**Task directions**
Would you restate the full listing word for word and omit its pictures?

Collected material START

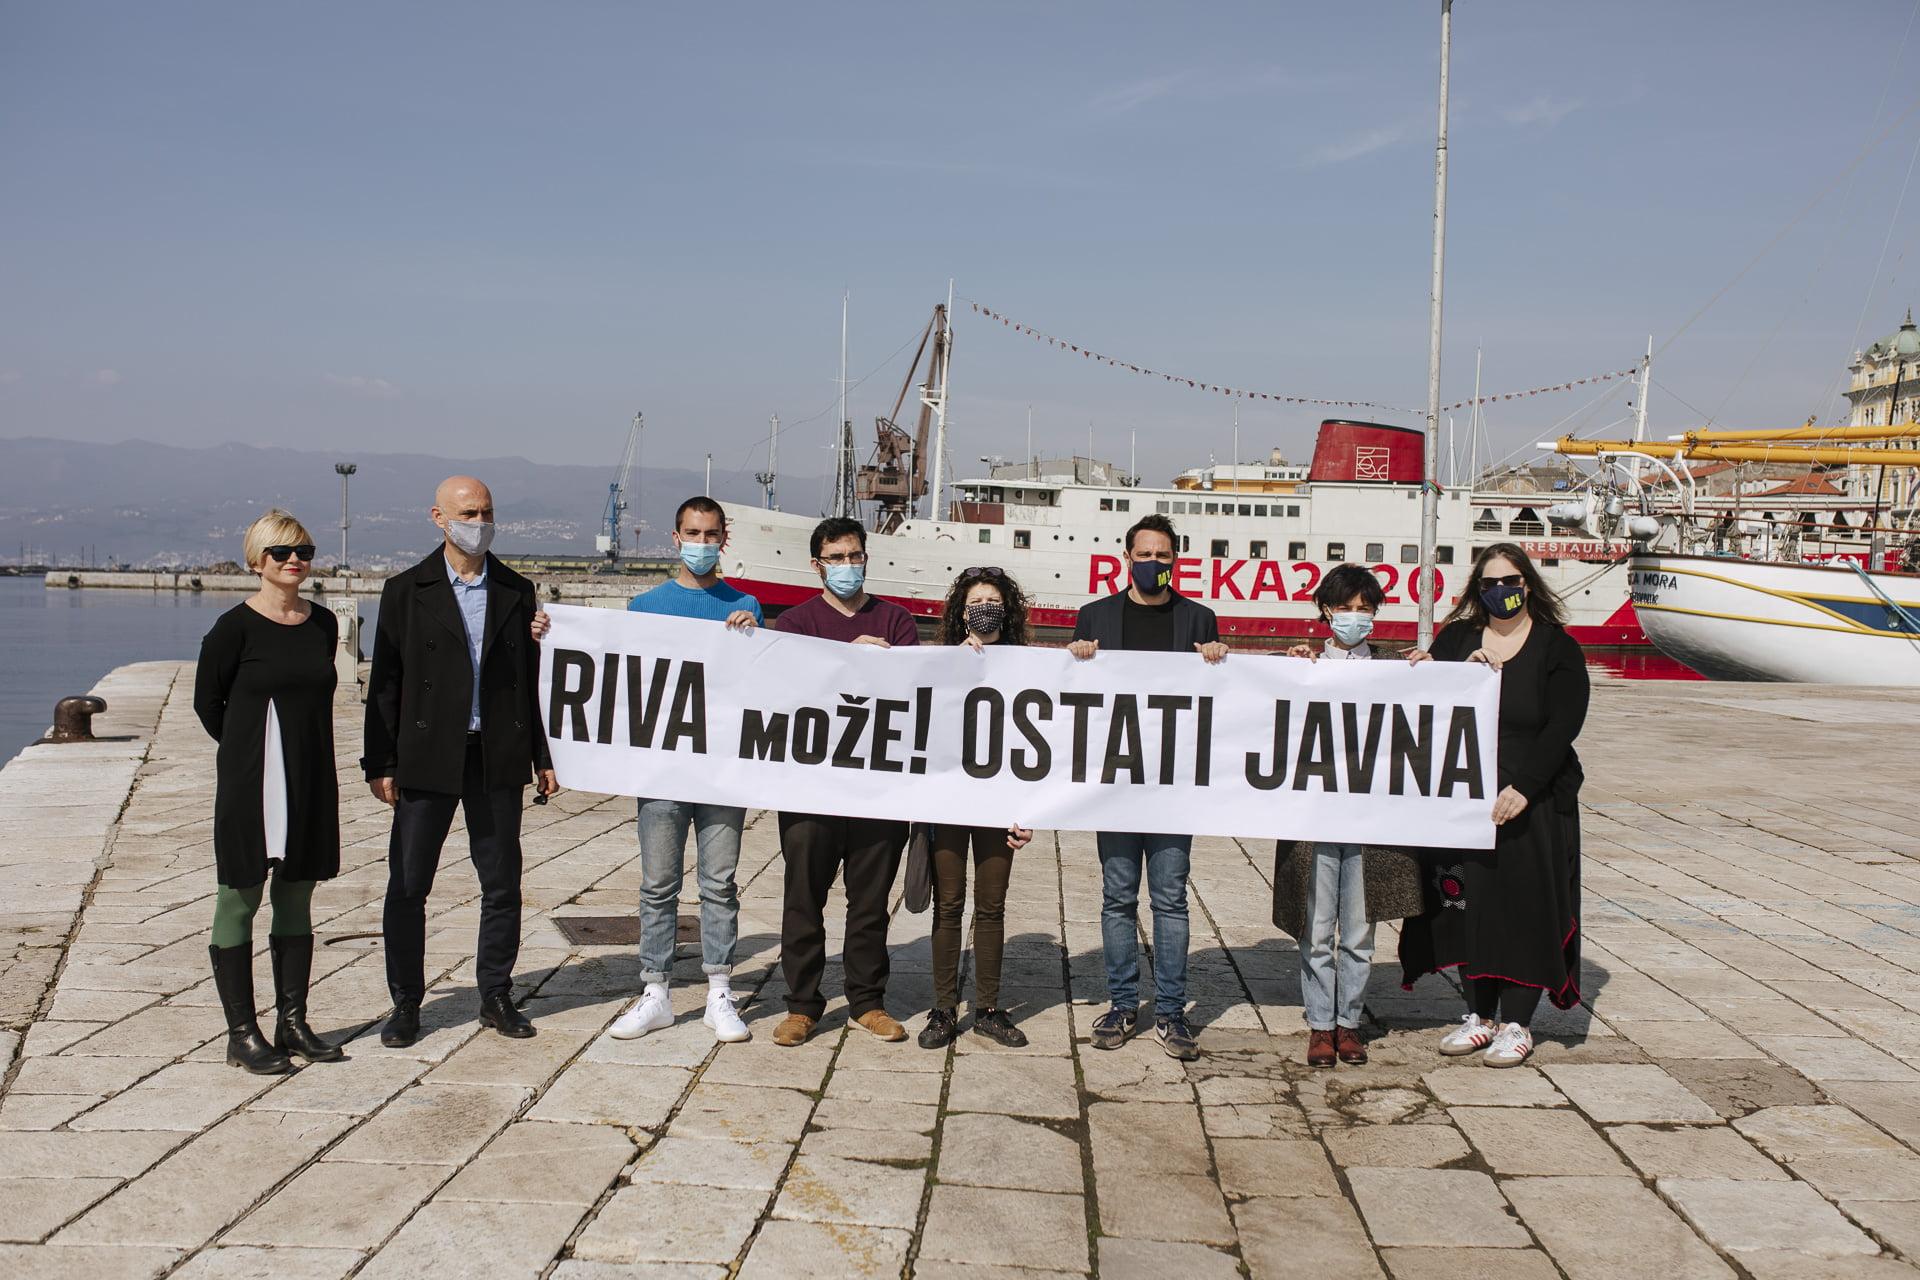 Riva mora ostati dostupna građanima i građankama Rijeke!
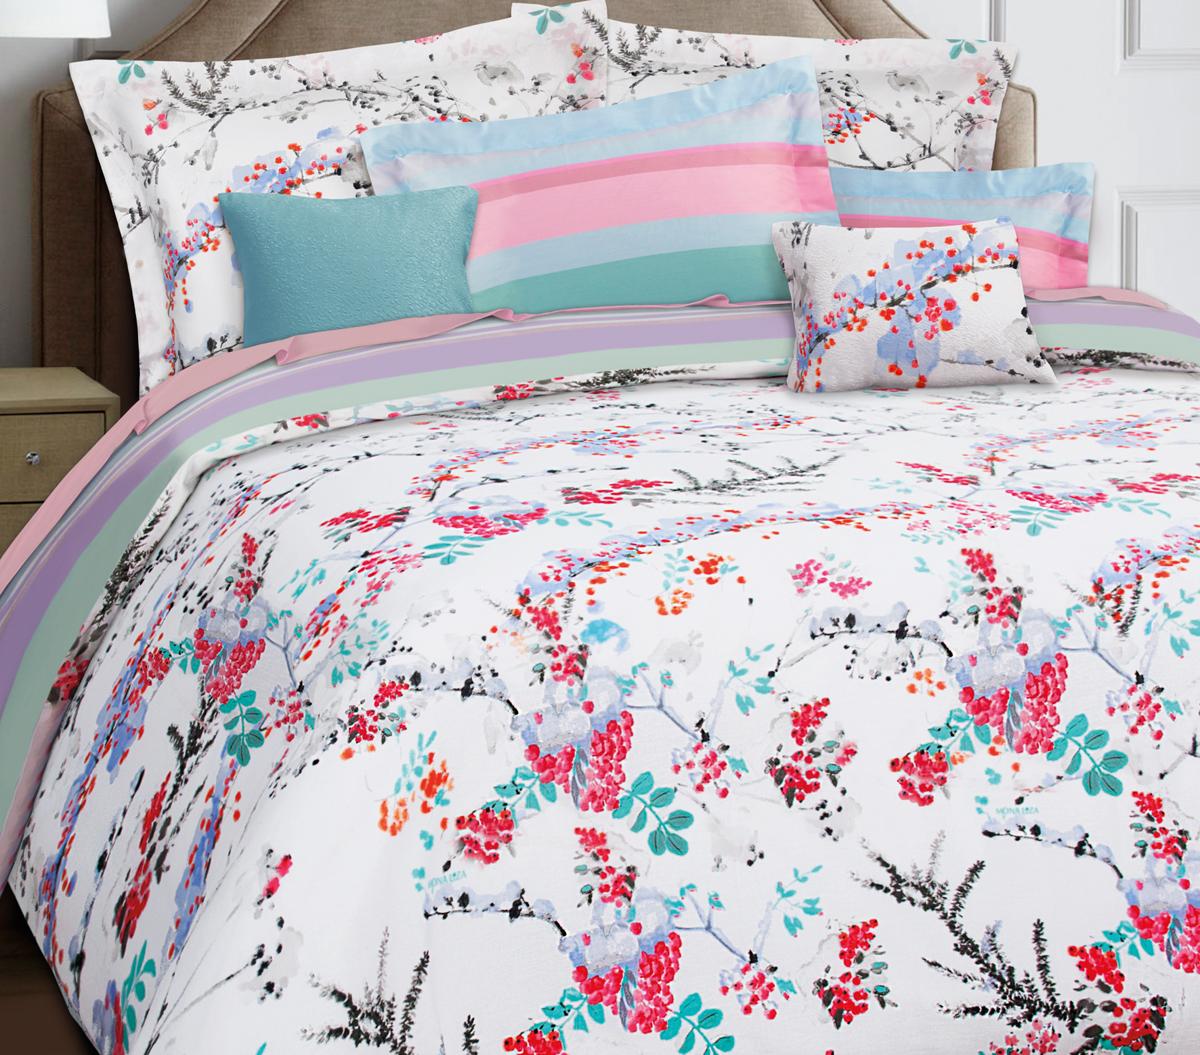 Комплект белья Mona Liza Premium Atelier 4 Seasons, семейный, наволочки 50х70, 70х70. 5045-004 комплект полутораспальный mona liza nensy
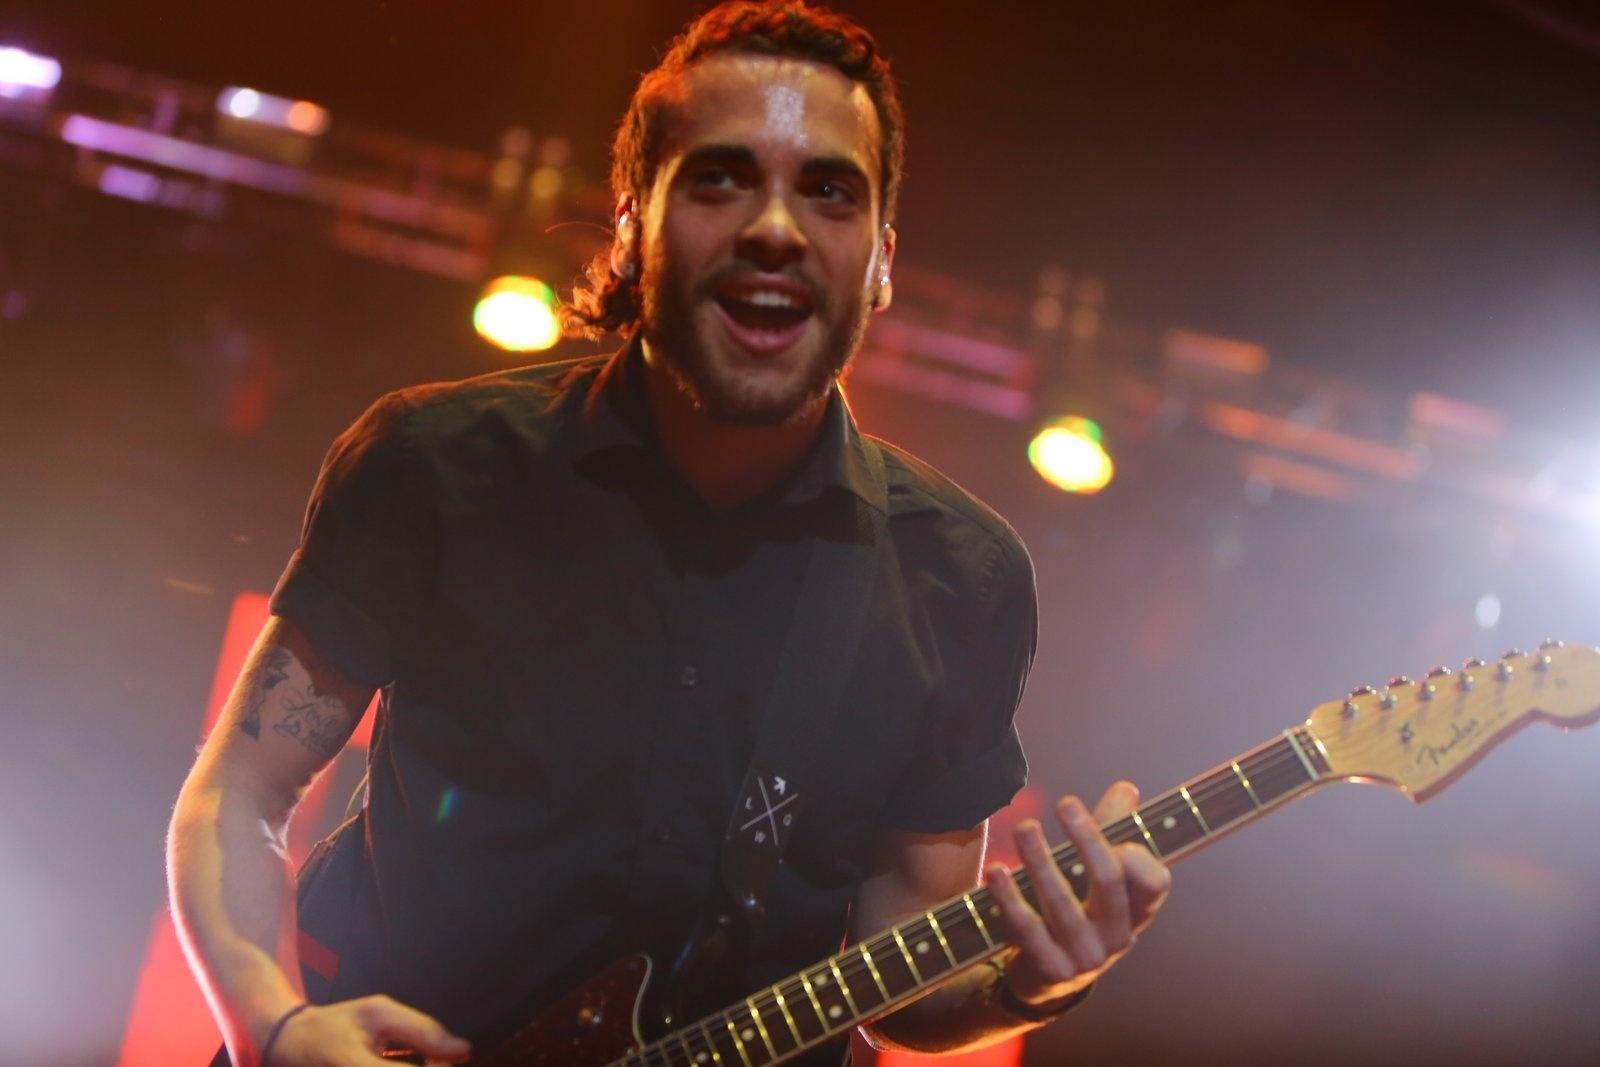 25.jul.2013 - Formado em 2004 no estado norte-americano do Tenessee, o grupo está lançando seu quarto álbum de estúdio,

Collected material END

**Solution**
 Riva mora ostati dostupna građanima i građankama Rijeke!
 Комплект белья Mona Liza Premium Atelier 4 Seasons, семейный, наволочки 50х70, 70х70. 5045-004 комплект полутораспальный mona liza nensy
 25.jul.2013 - Formado em 2004 no estado norte-americano do Tenessee, o grupo está lançando seu quarto álbum de estúdio,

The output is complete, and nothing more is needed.